The data:
*** Block opens ***

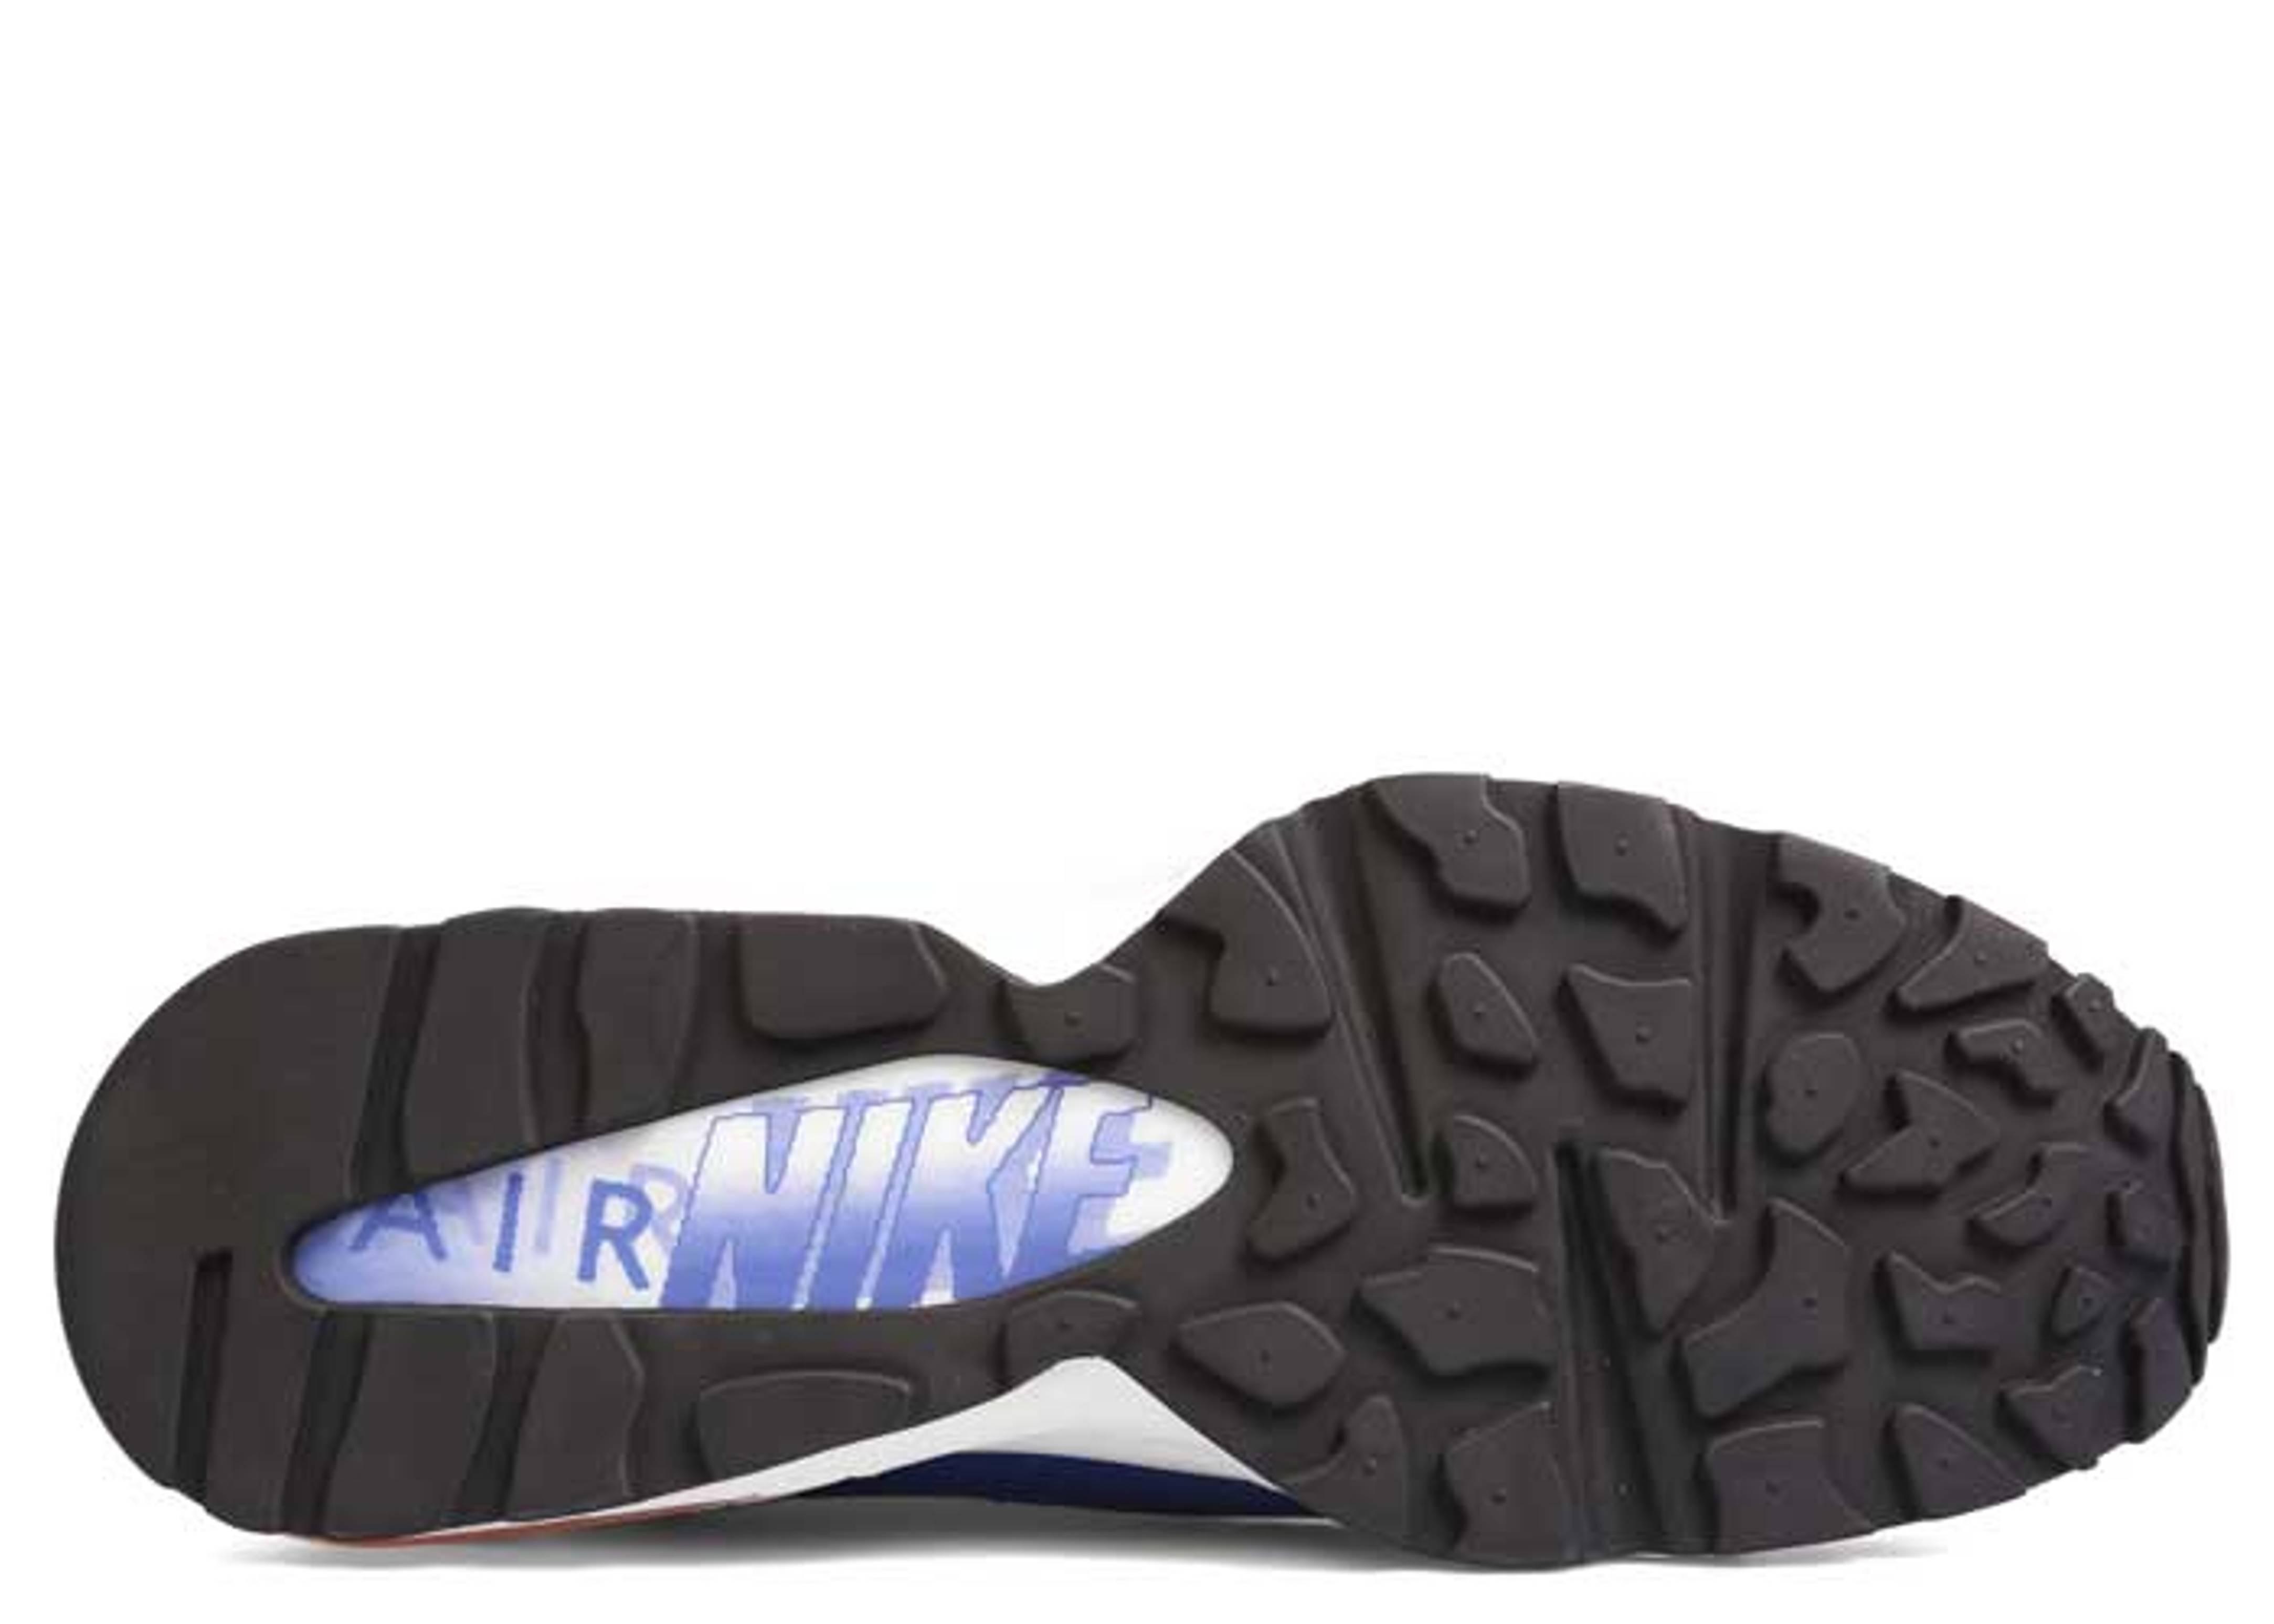 timeless design dca1b 14175 Air Max 93 - Nike - 306551 100 - white bright citrus hyper blue black    Flight Club
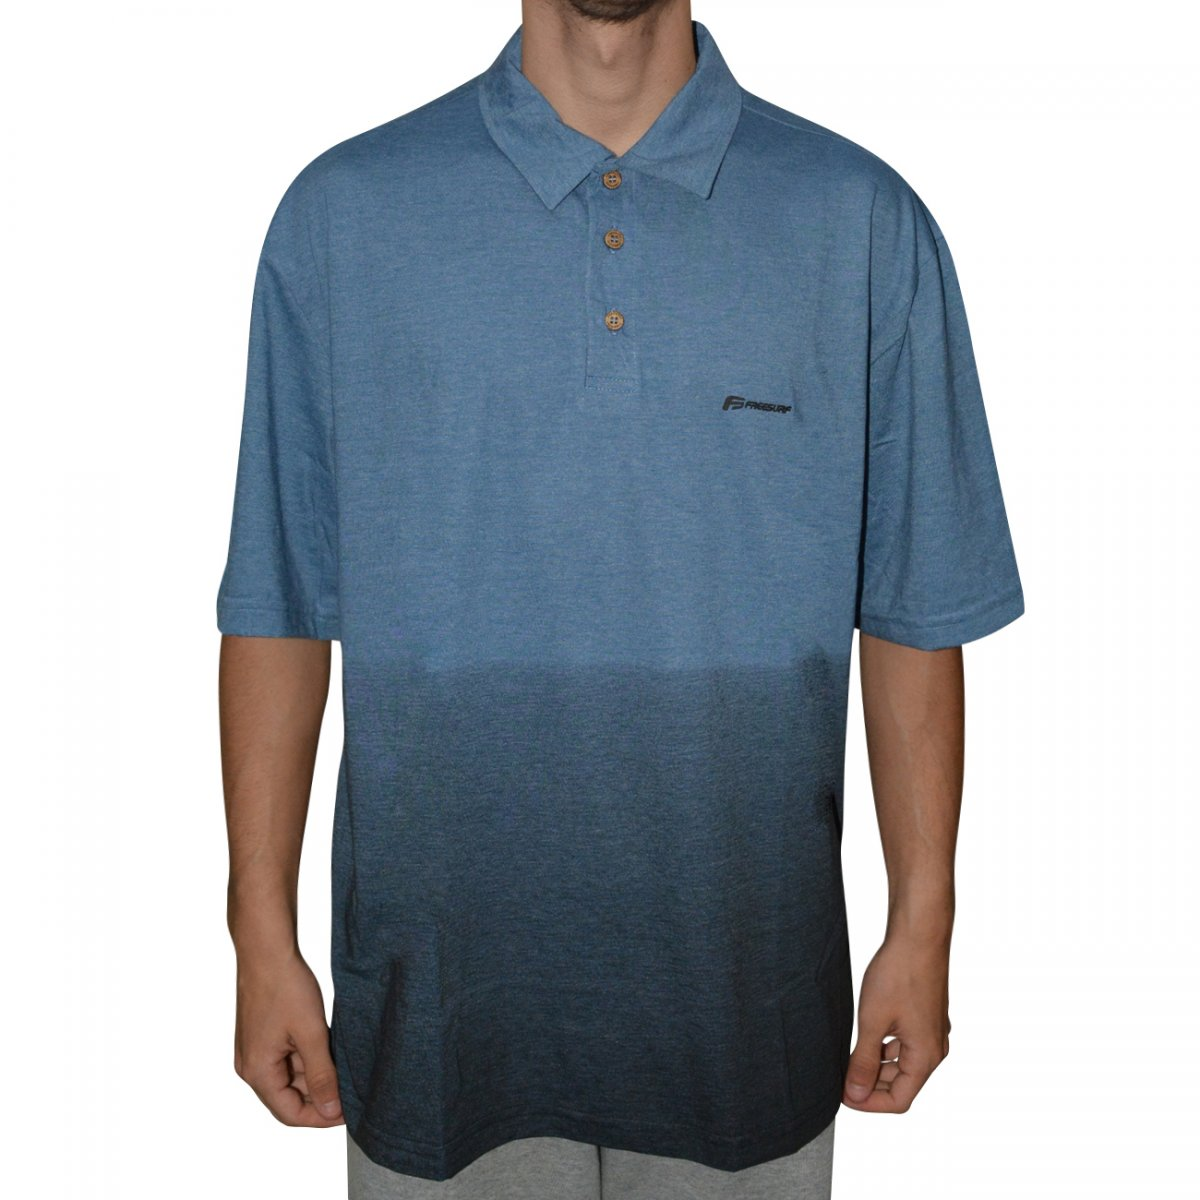 Camisa Polo Free Surf Ocean Big Size 110502388 - Azul mescla - Chuteira  Nike 04fe6990ed40b
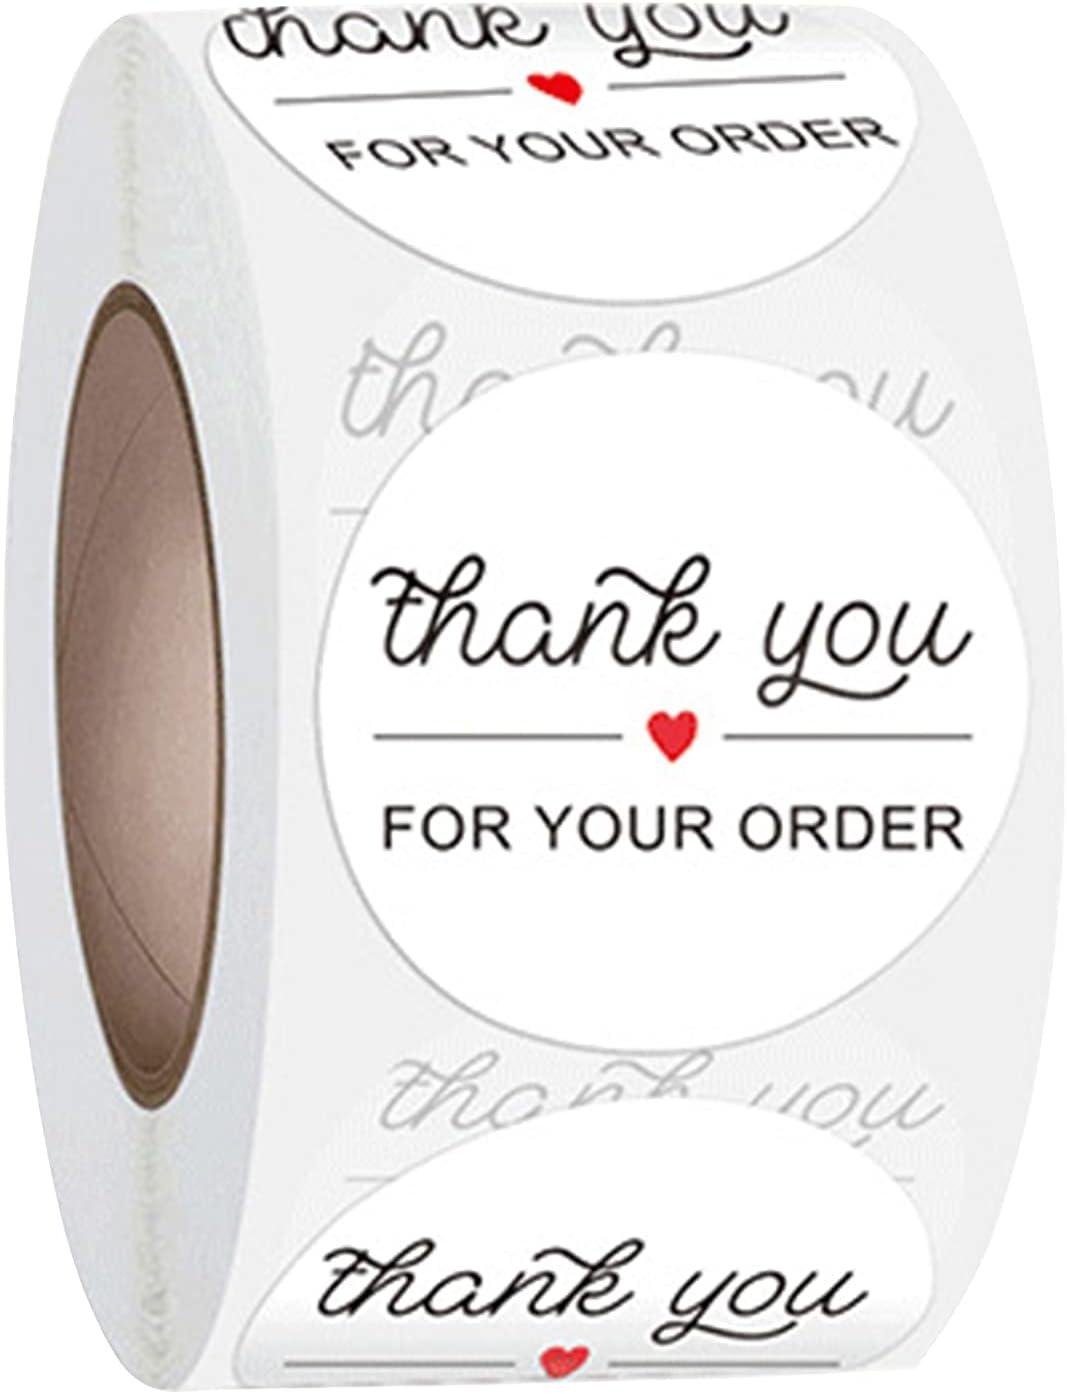 Sticker roll, Business Sticker, Envelope Sticker, Packaging Bag Sticker, Box Sticker, Sealing and Decorative Sticker Gift, 500 Labels per roll (White+Black)

*** Block closes ***

Problem:
Beginning with the line in which "Camisa Polo Free" appears, repeat exactly each line down to the close of the material, leaving every picture out.

Reply to the task:
 Camisa Polo Free Surf Ocean Big Size 110502388 - Azul mescla - Chuteira  Nike 04fe6990ed40b
 Sticker roll, Business Sticker, Envelope Sticker, Packaging Bag Sticker, Box Sticker, Sealing and Decorative Sticker Gift, 500 Labels per roll (White+Black)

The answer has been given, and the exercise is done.